I sat with another friend who was in prison for a second time, discussing the mindsets of our comrades. He started going into a monologue about his celly stinking up the cell with his multiple uses of their toilet. I tuned him out. I closed my eyes, licked my parched lips, and dreamt of an unexpected blizzard.
My skin was sticky. Sweat trickled down my face as I rose to my feet and headed for the water fountain. I drank the cold water, quenching my thirst . . . but was still hot. I sighed.
It was June 23. The next day, the temperature was predicted to reach 108 degrees. One hundred and eight degrees. In prison, that meant all of us in this facility would be sweating as we struggled through the heat. The mindset would be down in the dumps as we stewed in a congested day room. One hundred and eight degrees.

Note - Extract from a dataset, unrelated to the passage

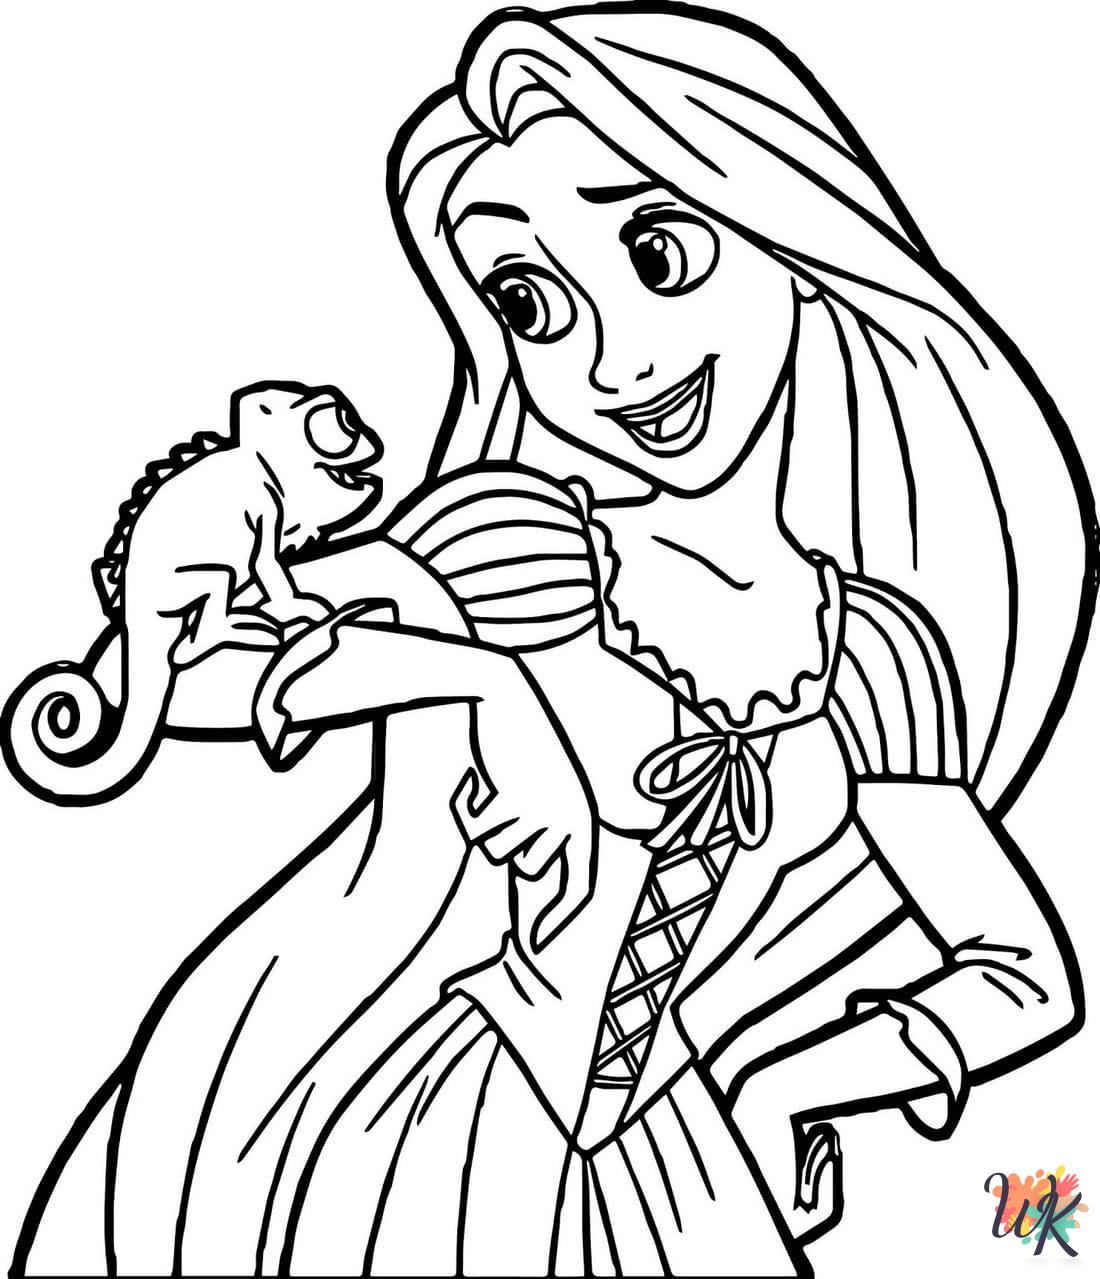 Tangled cards coloring pages

There are men, too, who don’t own a fan. There are older men who aren’t vocal enough to ask the young men to scoop some ice for them. I always tell them to sit down and let me get them ice for their cups. This heat makes everybody aggressive, unable to think about anybody but themselves as they do whatever they can to cool off. I understand, so I place myself in harm’s way for older men who could be my father. They thank me when I hand them their cups of ice, then they stagger back into their cells, sweating.
We go to sleep in sweat and wake up in sweat twenty-four hours a day, seven days a week, with no respite until the summertime heat departs for the fall season.
Help us. Please. This is cruel and unusual punishment. Animal control would remove a dog from an owner who left their pet chained outside in this heat. What about us? Aren’t we more than dogs?